Speech Enhancement in TTS systems

This is a winter of code research project aimed at speech enhancement of speech generated by text-to-speech models.

The speech generated by many TTS models have some ambient noise and noise like artifacts. We want to work on post processing to reduce and remove those artifacts. Along with removing the noise, we also wish to quantify the noise and how clear our audio becomes after we apply our method. So we would also be interested to develop metrics for quantifying the speech clarity.

Datasets-

We use the following datasets for testing our methods-

NOIZEUS dataset
Skit TTS dataset

Speech Enhancement Methods

Speech enhancement methods can be broadly classified into two categories -

Signal Processing

This uses traditional analytical filters which remove noise, either by assuming an additive noise, or by assuming an orthogonal direct sum decomposition of the noise into the clean and the pure noise signals. Statistical techniques like MMSE, MAP, MLE estimation fall into this category as well.

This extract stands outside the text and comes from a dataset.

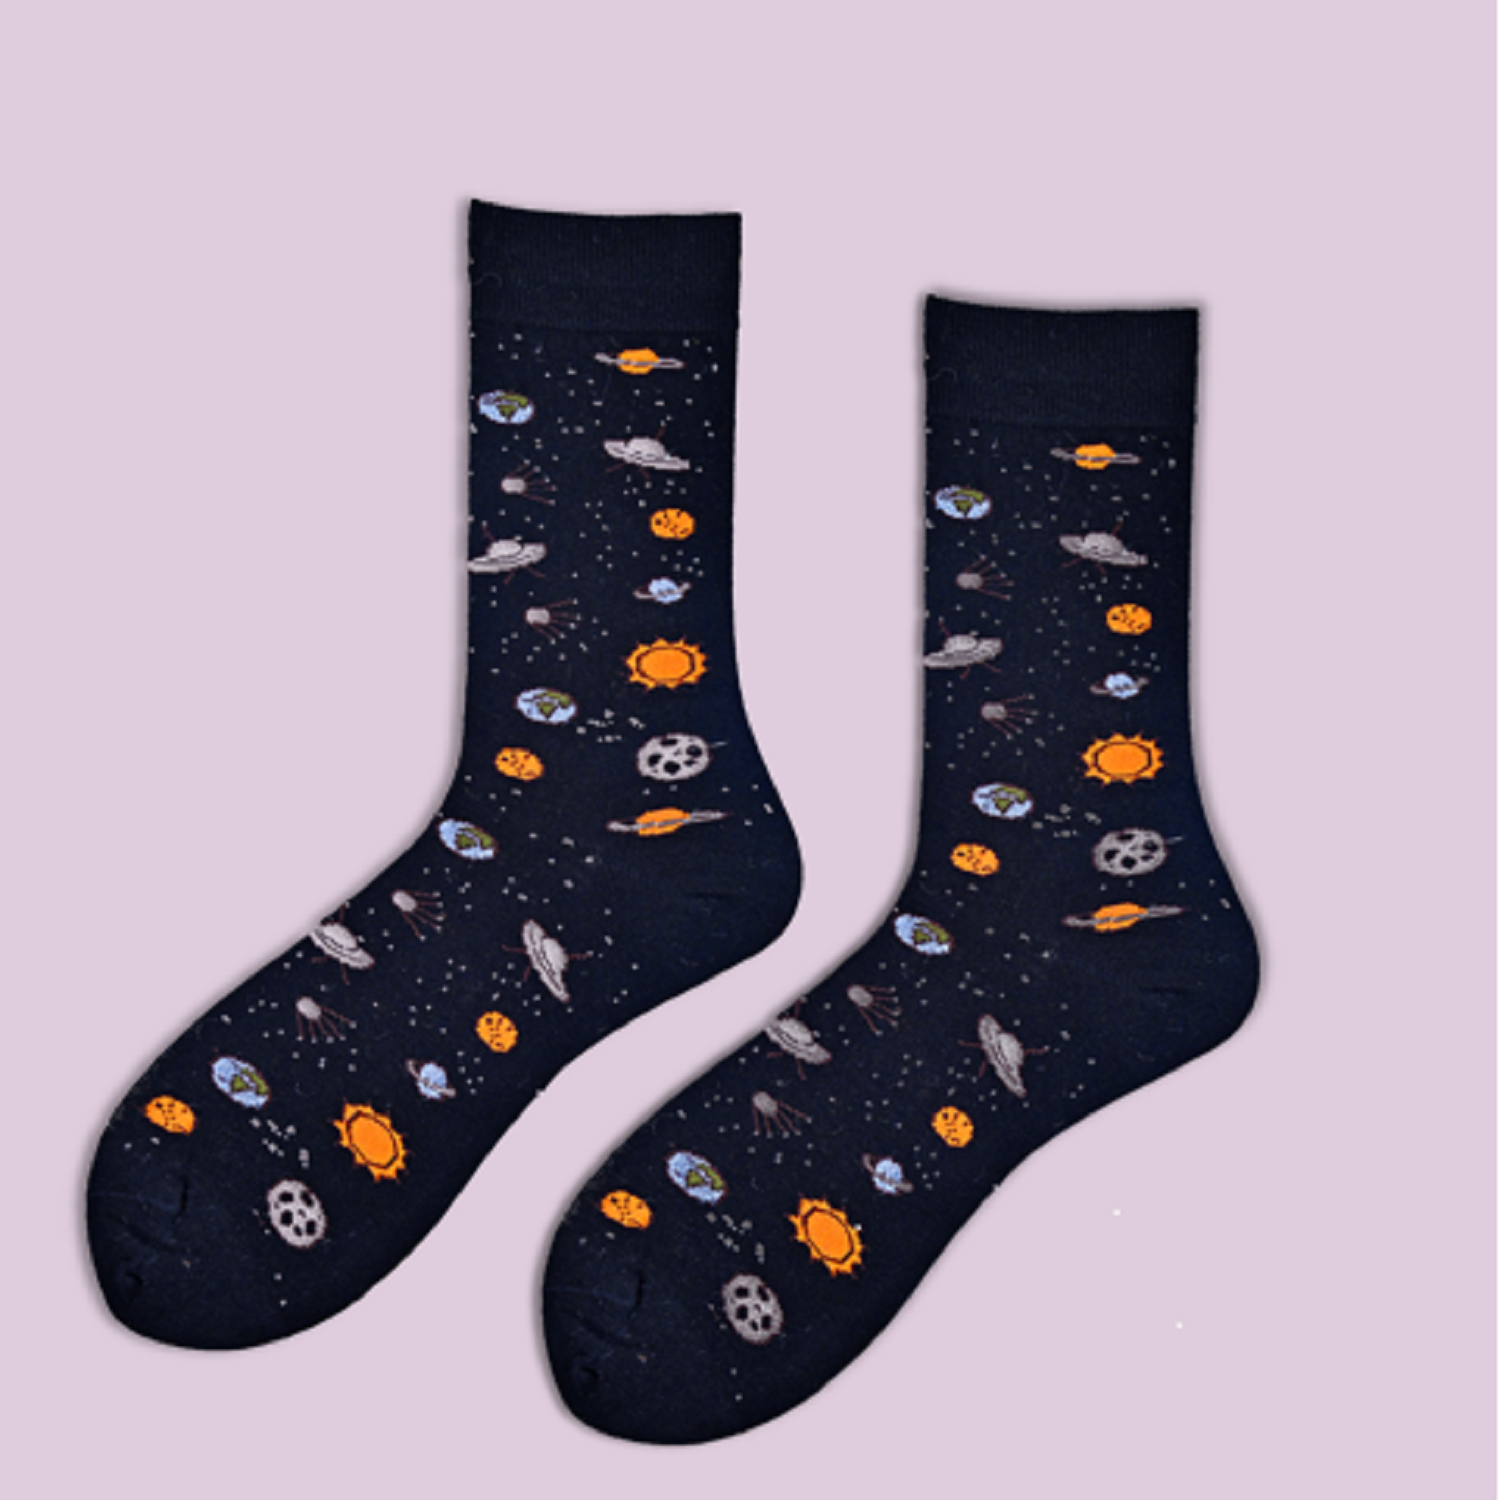 Spaceman | Black Mid-Calf Socks For Men | 1 Pair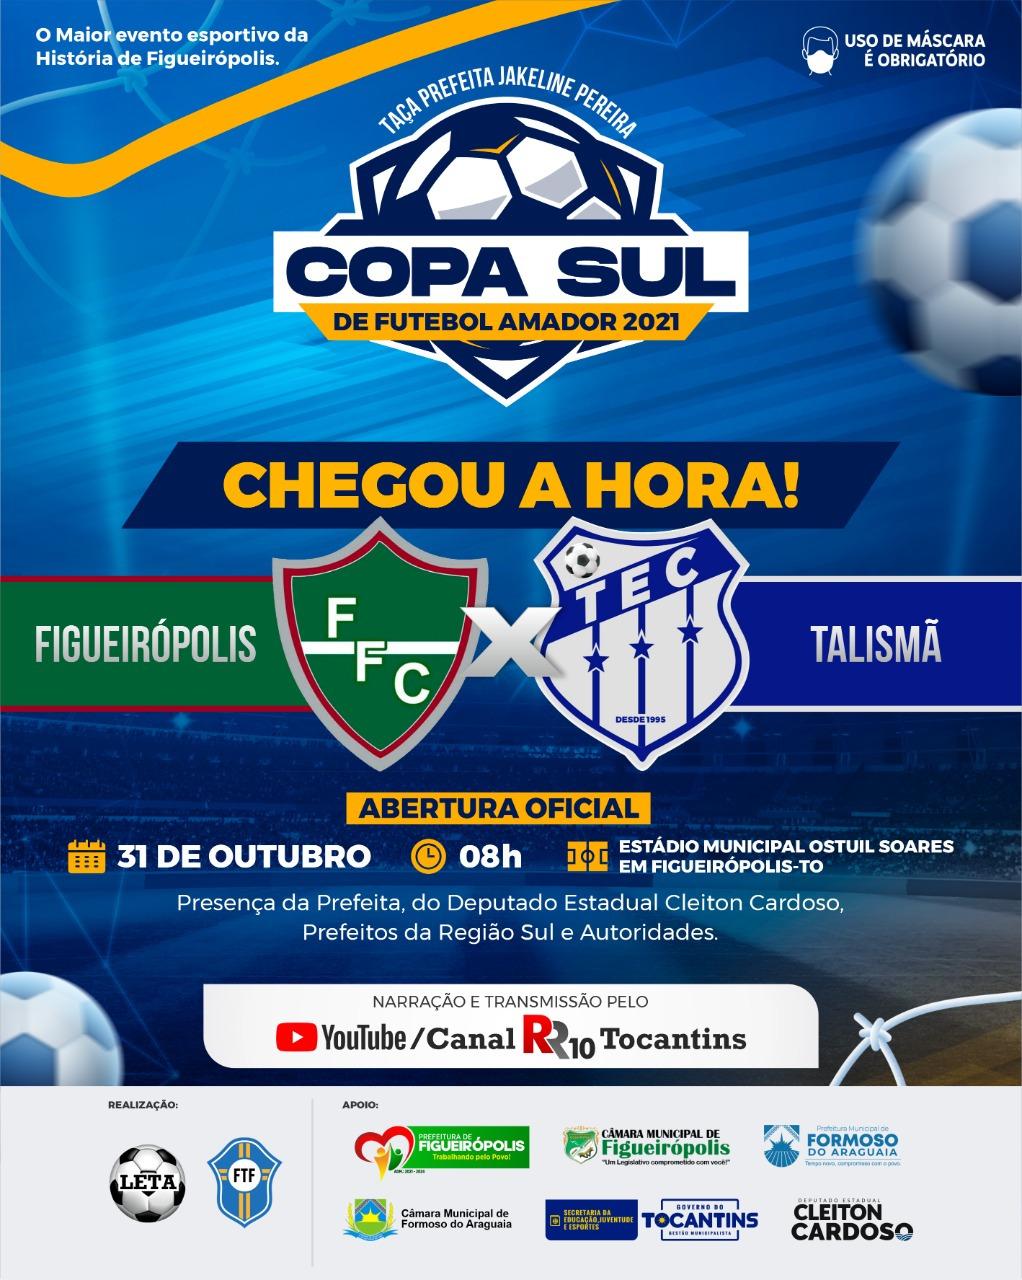 T.E.C. irá fazer sua estreia pela Copa Sul de Futebol Amador neste Domingo as 08:45 em Figueirópolis

We implemented and tested the following methods-

Kalman Filter
Wiener Filter
Oversubtraction/ Spectral Flooring
Bayesian MMSE Filter
Bayesian MMSE Log Filter

Deep Learning

These are relatively new and advanced and are based on training. Some popular examples of this are the Facebook Denoiser, SeGAN and RNN-Noise.

Metrics

We implement and test the following metrics-

Perceptual Evaluation of Speech Quality (PESQ, narrow and wide band)
Short-Time Objective Intelligibility (STOI)
F0 Frame Error (FFE)
Gross Pitch Error (GPE)
Mel Cepstral Distortion (MCD, both versions)
Voicing Error Decision (VED)
Mean Speech Distortion (MSD)
Word Error Rate (WER)

These filter methods work really well on the NOIZEUS dataset, however they are not the best when it comes to TTS models. The results of applying the filters on the NOIZUES as well as the TTS dataset has been discussed in detail here. Hence we need to resort to deep learning methods!

This repo can be used for real life speech denoisement purposes. Most importantly, it provides implementations of crucial metrics which can be used for measuring the amount of distortion/clarity of the speech.

Installation

To install simply clone the repository and install the requirements

git clone https://github.com/skit-ai/woc-tts-enhancement
cd woc-tts-enhancement
pip install -r requirements.txt